I'd also like to note that creating a CheckConstraint like this DOES work in Django 2.2. Likely, that stopped being the case when #30060 was fixed. I can attest that this is a serious roadblock when moving a project from 2.2 to a modern and supported version of Django.

Honestly, I'm surprised that this doesn't break in way more instances. "Quoting" like this should only be correct specifically for LIKE (and the likes of it).

Suggested fix: remove the percentage character doubling from the general-purpose escaping method, and reintroduce it in a targeted way where needed.

I unfortunately don't know enough about the ORM's internals to make a more detailed suggestion, or know for just how much headache creation I am to apologize. But the current behavior is obviously incorrect.

Additional notes:

  • This affects django 3.2 as well
  • This almost certainly affects the oracle backend as well
  • This works as expected on sqlite3

I have attached a sample django project that reproduces the issue.
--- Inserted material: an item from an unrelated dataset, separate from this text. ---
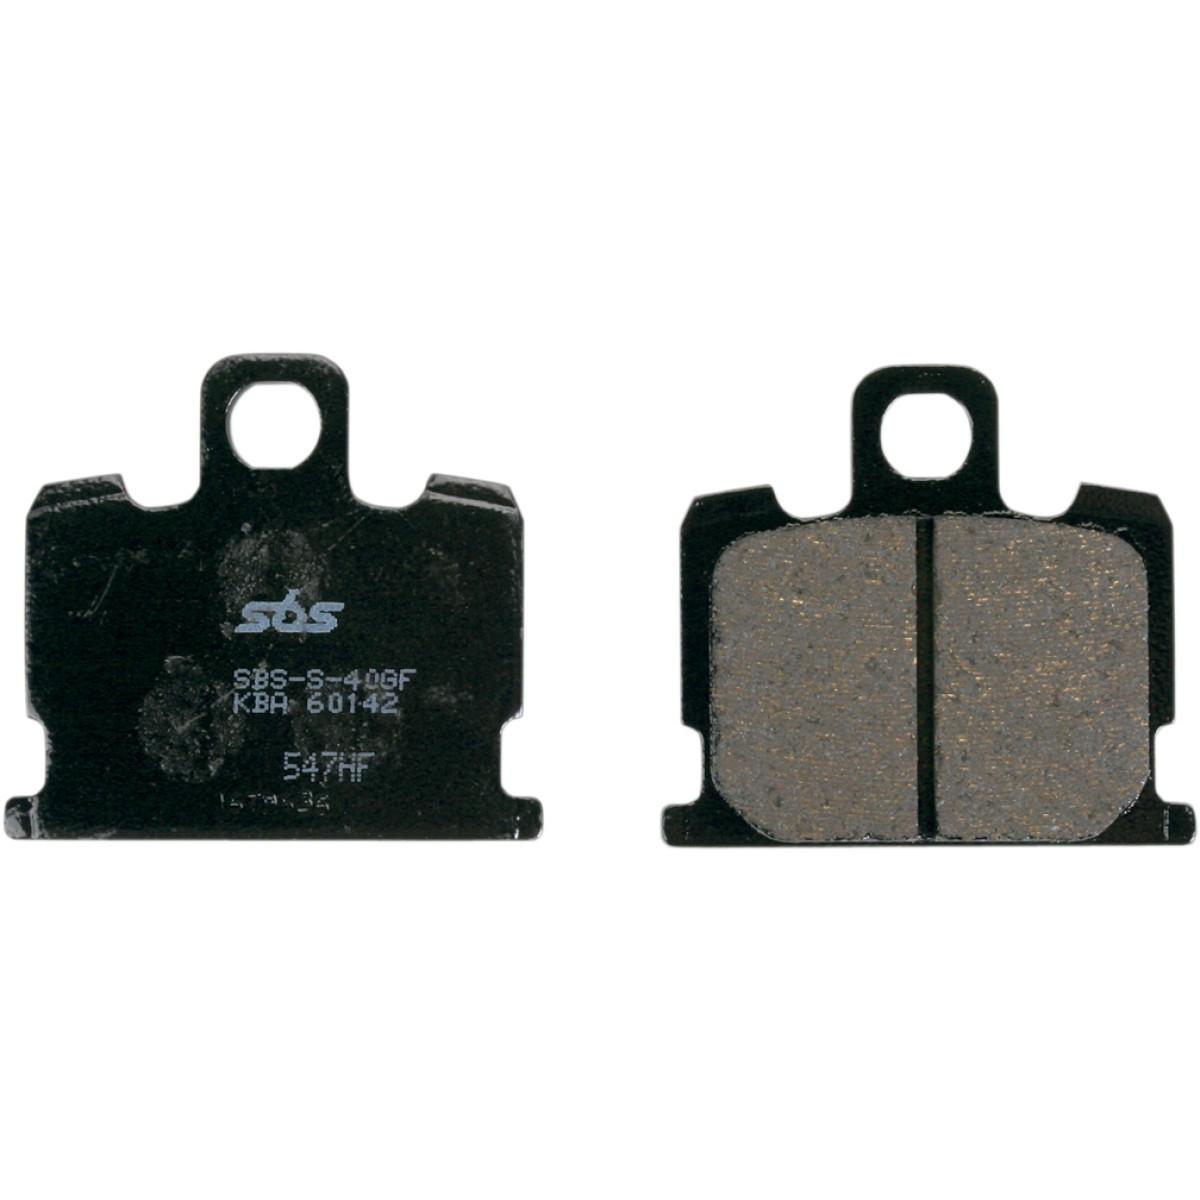 SBS HF Ceramic Brake Pads - 547HF

Steps to reproduce (require docker installation):

  • Spin up a postgres instance: docker run -e POSTGRES_USER=lorem -e POSTGRES_PASSWORD=lorem -e POSTGRES_DB=lorem -p 5432:5432 postgres
  • Extract lorem.zip
  • Create a virtual environment
  • Install django==4.2.1, psycopg2-binary==2.9.6
  • Activate the virtual environment
  • Extract lorem.zip and change into django directory
  • python -m manage migrate
  • python -m manage shell
  • from ipsum.models import *
  • Dolor.objects.create(sit="%")
    • expected behavior: This should return a model instance
    • actual behavior: exception (as described above)
  • Dolor.objects.create(sit="%%").sit
    • expected behavior: exception (as described above)
    • actual behavior: returns "%%"

Attachments (1)

lorem.zip (6.2 KB ) - added by Thomas Kolar 19 months ago.
sample django project that demonstrates the issue

Download all attachments as: .zip

Change History (11)

by Thomas Kolar, 19 months ago

Attachment: lorem.zip added

sample django project that demonstrates the issue

comment:1 by Thomas Kolar, 19 months ago

I have discovered a very hacky workaround that should cover quite a few use cases, in case anyone else is affected by this and needs a fix ASAP. The workaround is to combine a __contains check with a __length check - a string that contains another string and has the same length must be equal.

__contains with a % IS supported - as it happens, the fact that support for this was added is what presumably caused this issue (see above).

In order to do this, the __length lookup must be registered as described in this stackoverflow answer https://stackoverflow.com/a/68274322 . This must obviously happen before migrations are run.

For obvious reasons, I do not endorse this abstruse tomfoolery as an intended solution.

comment:2 by David Sanders, 19 months ago

Triage Stage: UnreviewedAccepted

Thanks for the report 🏆

I've verified the issue on 59262c294d26d2aa9346284519545c0f988bf353

Version 0, edited 19 months ago by David Sanders (next)

comment:3 by David Sanders, 19 months ago

Looks like regression in a8b3f96f6acfa082f99166e0a1cfb4b0fbc0eace

Edit: actually bisected to commit 42e8cf47c7ee2db238bf91197ea398126c546741

Last edited 19 months ago by David Sanders (previous) (diff)

comment:4 by Natalia Bidart, 19 months ago

Cc: Simon Charette added

comment:5 by Simon Charette, 19 months ago

The usage of quote_value in ddl_references.Statement.__str__ is problematic because the later doubles %. I haven't fully investigated what ought to be done to resolve the issue here but it relates to how most databases don't support parametrized DDL.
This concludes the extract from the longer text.